Hong Kong has a vital role in all this. A report to the Convention on International Trade in Endangered Species of Wild Fauna and Flora (CITES) says that Malaysia, the Philippines, Vietnam and Hong Kong accounted for 60 per cent of large-scale seizures since 2009, totalling 41.1 tonnes. As both a demand city and also one of the largest transit points where elephant parts are redirected elsewhere, usually mainland China, Hong Kong is at the forefront of this battle to halt the ivory trade.
What can be done to save the elephant? CITES was developed to ensure that international trade in specimens of wild animals and plants does not threaten their survival. Yet despite a consensus about the threatened status of elephants, CITES has failed to prevent their wholesale slaughter or dampened the motivation for their trade.
Hong Kong has the requisite system in place to intercept illegally traded wildlife and, by law, the Customs and Excise Department is obliged to check that elephants and elephant parts are not illegally traded and handled through its ports. However, many would argue the scale of the operation to enforce these requirements is too small.
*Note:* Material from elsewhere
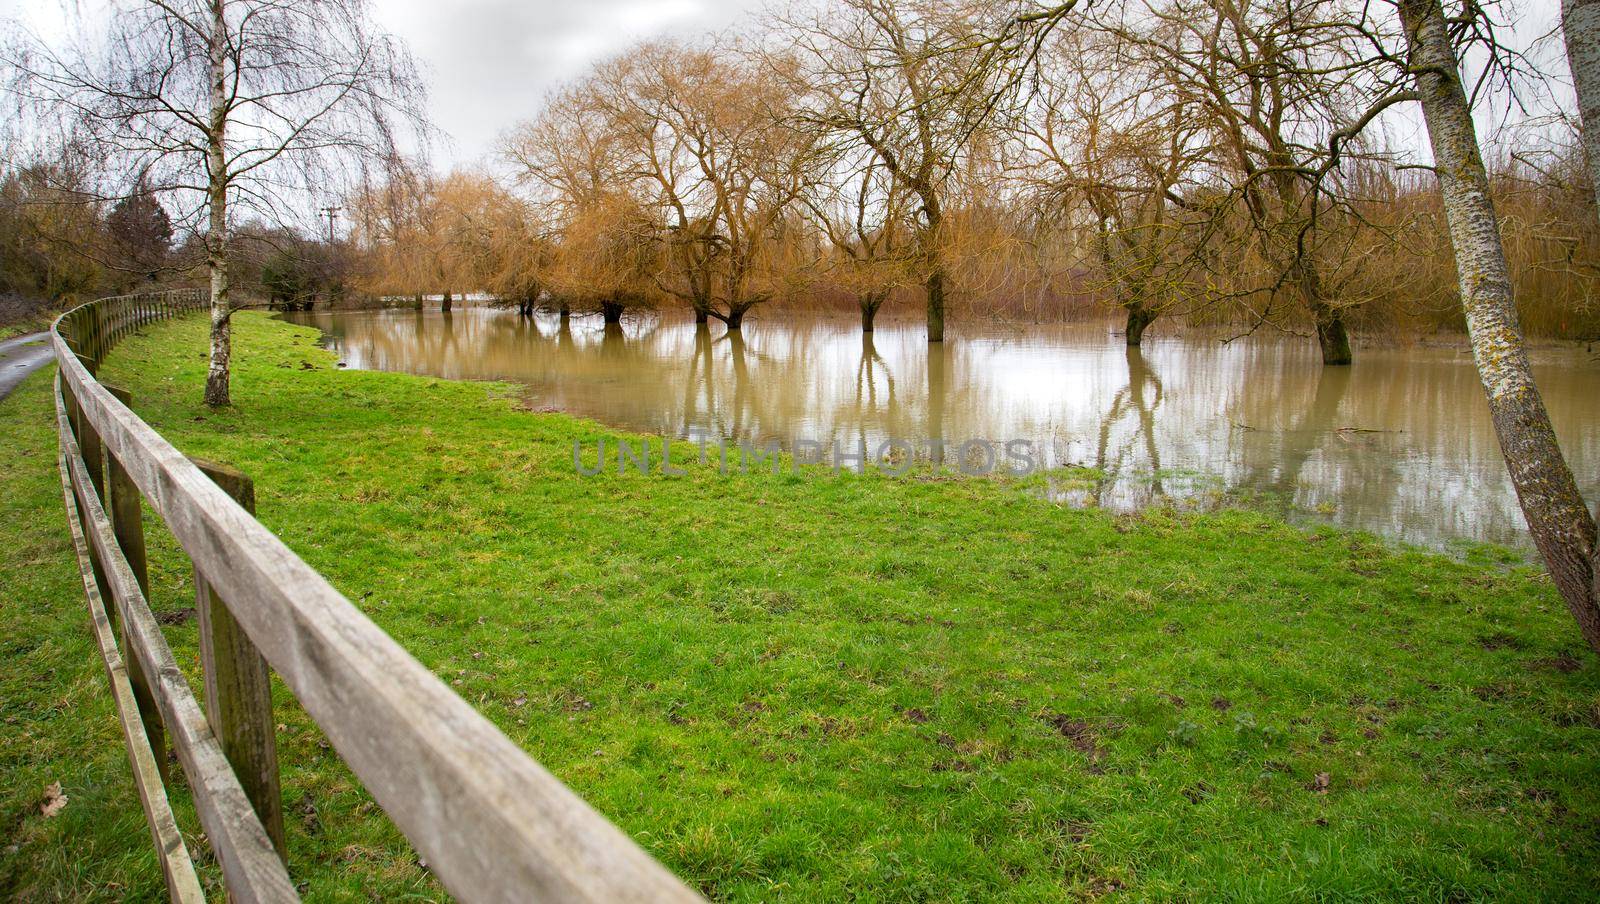 Flooded filed, high water, Farm fence, green grass, flooded filed with trees and water reflection. Global warming disaster. UK, England, Suffolk 2021
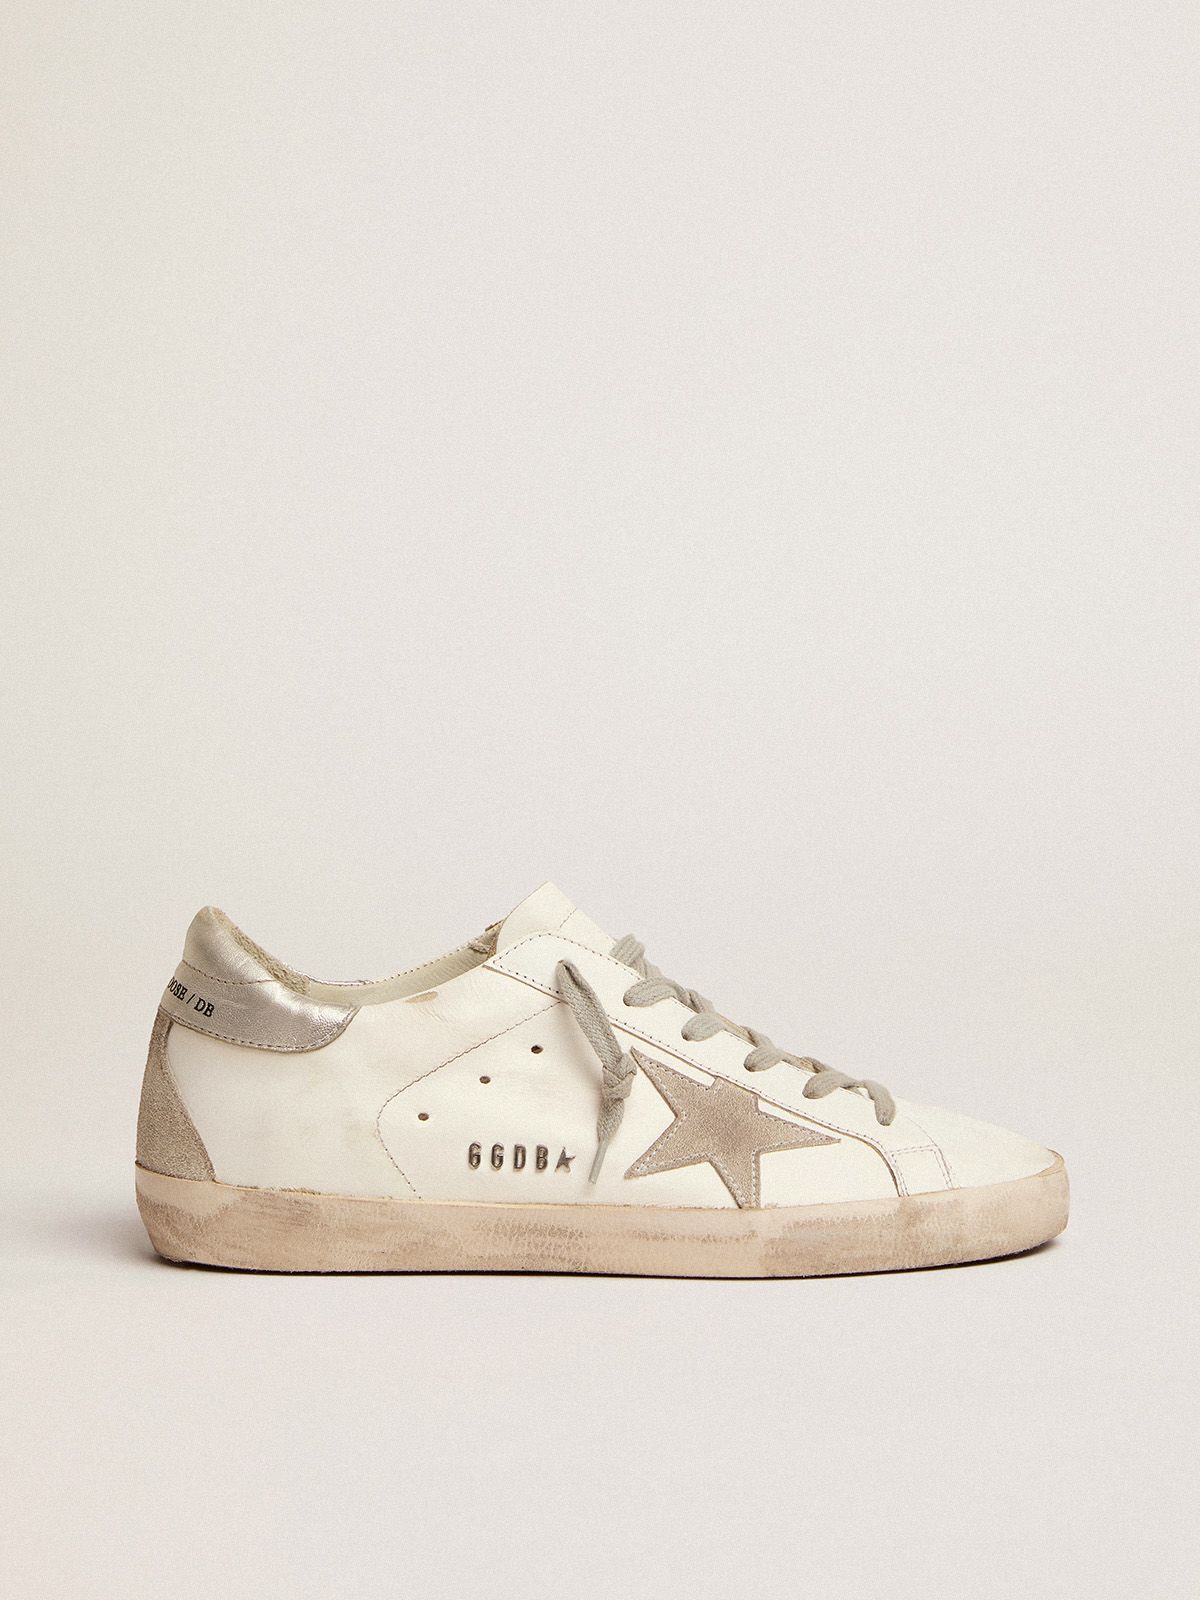 Made in Italy sneakers | Golden Goose

The nature of the ivory trade adds to the complexity in enforcement. Much like the illegal trade in narcotics, counterfeits and human trafficking, the global ivory trade is controlled by organised crime syndicates, often using similar trade routes. From the initial poaching of the elephant, transport by air or sea, to handling by dealers and sale in the destination country, the process is highly organised and requires a degree of complicity from corrupt park officials, the police and customs officers.
This makes catching illegal traders and prosecuting offenders extremely difficult, and fudged permit declarations hard to trace. Despite the interception of a number of big ivory shipments in recent years, enforcement in Hong Kong needs to be scaled up to more adequately address the problem.
Better surveillance and use of technology are crucial, and the establishment of the International Consortium on Combating Wildlife Crime should help key transit ports like Hong Kong co-operate and share intelligence with authorities from other demand, transit and source countries.
We need an equally heavy focus on the demand side. Environmental non-governmental organisations and campaign groups in Hong Kong and mainland China need to focus on communicating the realities and consequences of the ivory trade to consumers.
WildAid, a US-based NGO, has been running TV and social media campaigns in China to stem the trade in different species, including a prominent shark fin campaign with celebrities such as actor Jackie Chan. Ivory and shark fin consumption have similar connotations of prestige in Chinese society, and campaigns that help to demystify such purchases can make a big difference in driving down demand.